Yeah I'm all for saving... but sometimes people take it too far. A grace period on any purchase over $20 seems a bit excessive.


----------



## jargey3000 (Jan 25, 2011)

....never buy a napkin, mustard, ketchup, vinegar etc. - fast food places give them away free...
.... here, we have monthly specials at out (gov't.) liquor stores. Stock up on wines when on sale; bring them back for "exchange" on another item next month, get the full, reg. price on the return...
...pick up your daily newspaper off the reception desk at your neighborhood hotel...
there a million ways to save a buck


----------



## Ag Driver (Dec 13, 2012)

Deleted.


----------



## jargey3000 (Jan 25, 2011)

... "water-down" everything you can: dish suds, windex, liquid cleaners. they'll work just as well & go a lot further
... buy mostly "no-name" esp. in household staples
... buy what you can "almost-new" on kijiji
lots of ways to save a buck


----------



## OnlyMyOpinion (Sep 1, 2013)

Ag Driver said:


> Price adjustments and scanning code practices are one thing. That is consumer protection.
> Your examples are at the expense of someone else.
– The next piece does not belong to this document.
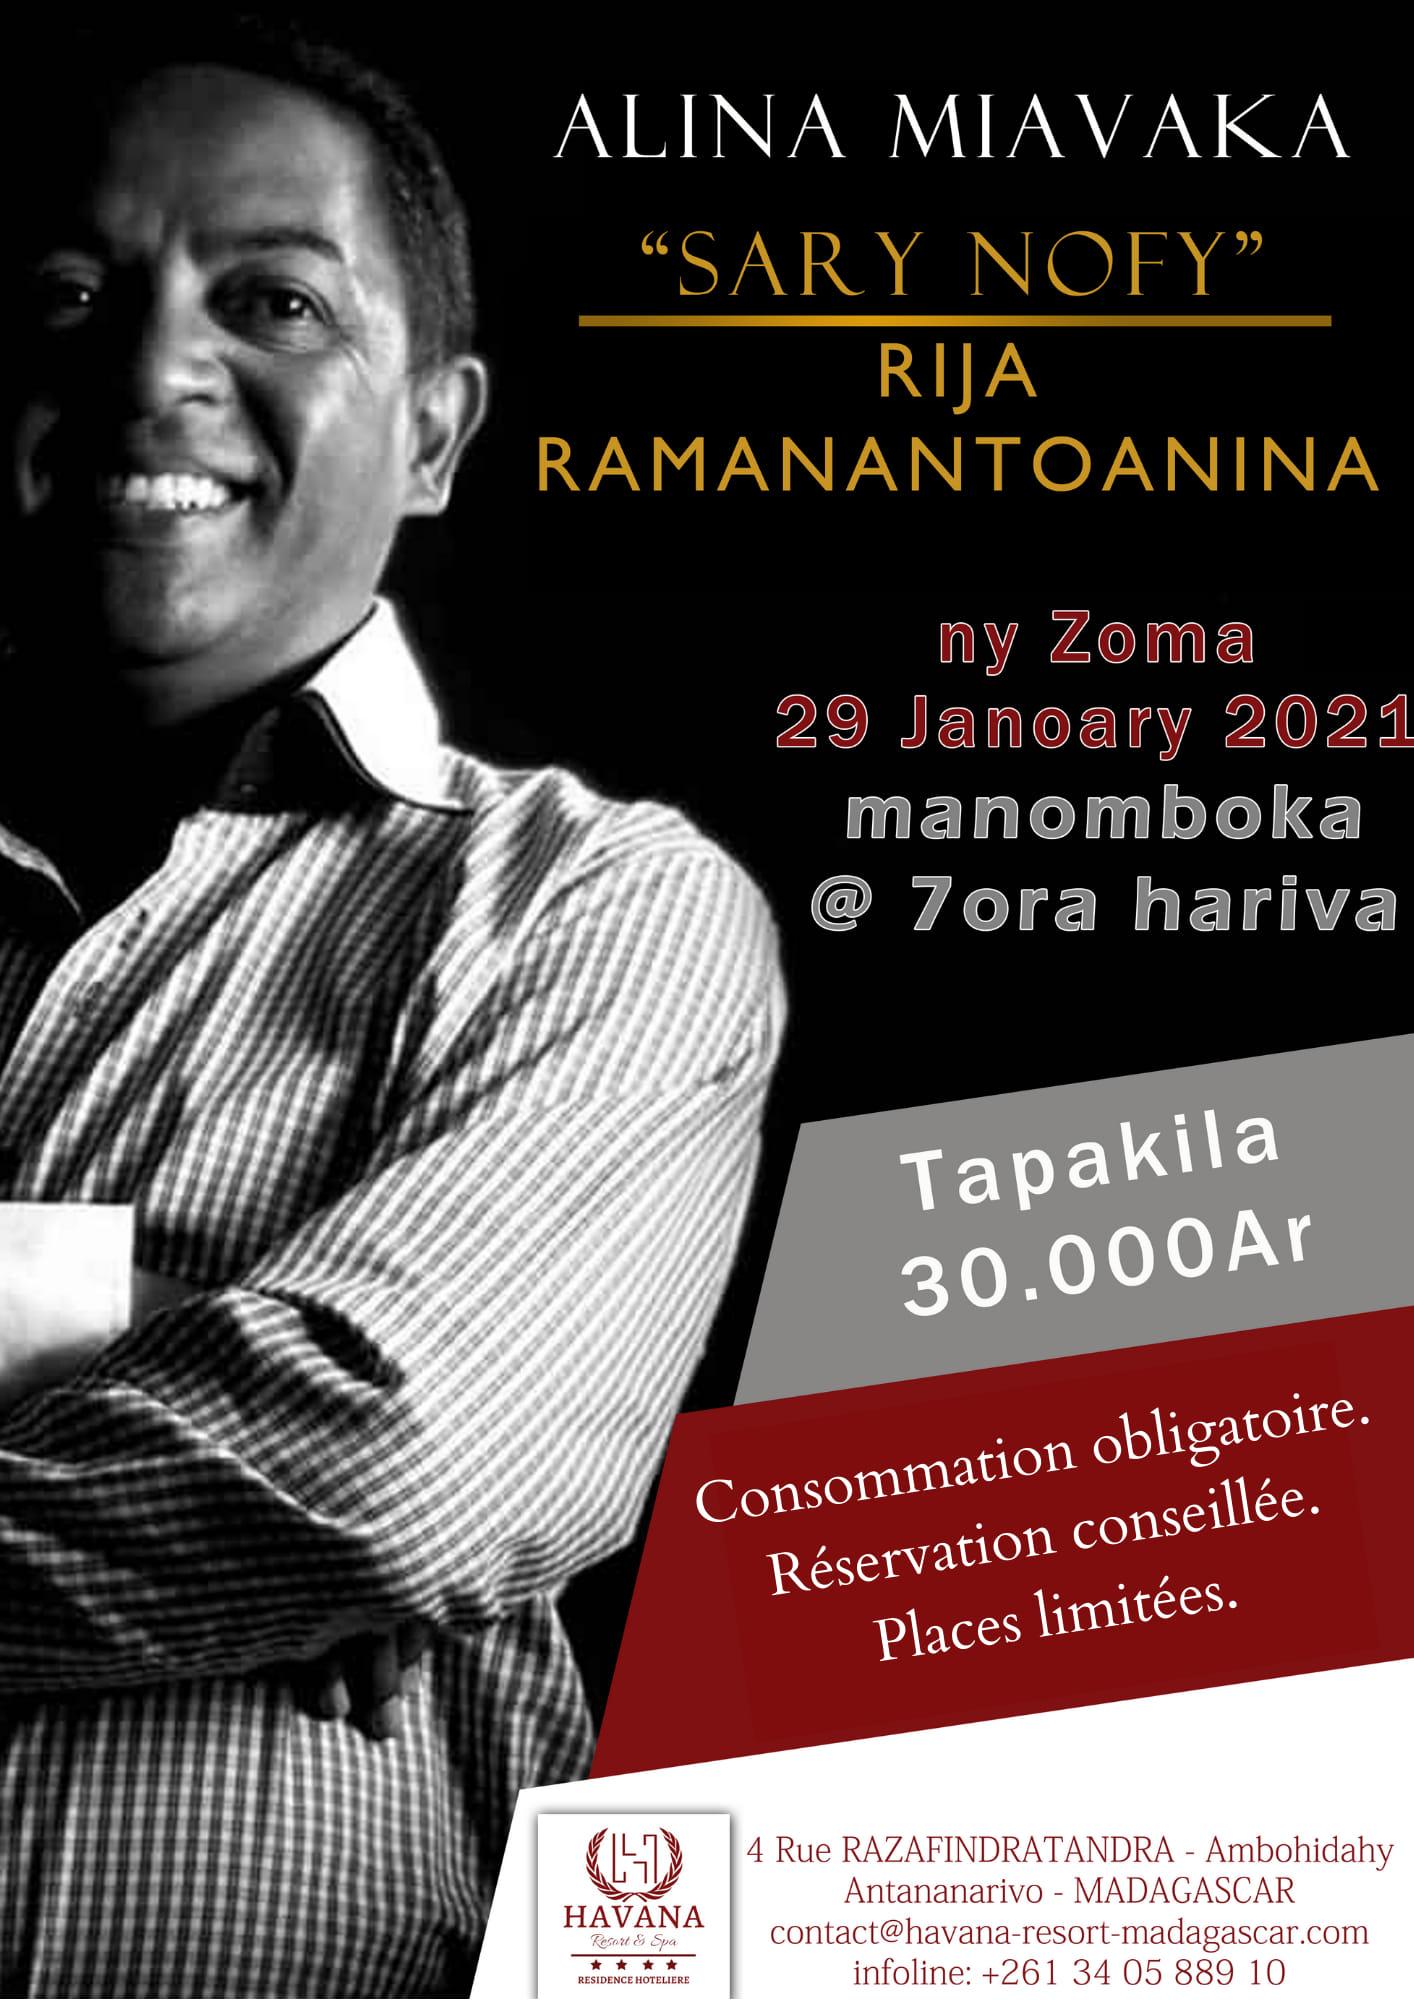 ‼️ SARY NOFY, avec Rija Ramanantoanina ‼️

Theft and Fraud; Classic "Leech on Society" examples! I am disgusted with that type of leech approach. There is a big difference between saving a buck and ripping someone off.


^+1 Exactly!


----------



## JordoR (Aug 20, 2013)

Ag Driver said:


> Price adjustments and scanning code practices are one thing. That is consumer protection.
> 
> Your examples are at the expense of someone else. Theft and Fraud; Classic "Leech on Society" examples! I am disgusted with that type of leech approach. There is a big difference between saving a buck and ripping someone off.


Well put.

In addition, people have to consider the cost of their personal time and fuel, etc. while trying to save money. Sure, taking a free newspaper from a hotel or stealing ketchup packets can seem like a deal, when it takes you 30 mins to run these errands and burn a bit of fuel... that $3 bottle at the store doesn't seem so outrageous anymore.


----------



## gibor365 (Apr 1, 2011)

> Scanning Code of Practice


 Never heard about this Code ... Which stores abide ? RCSS, Walmart?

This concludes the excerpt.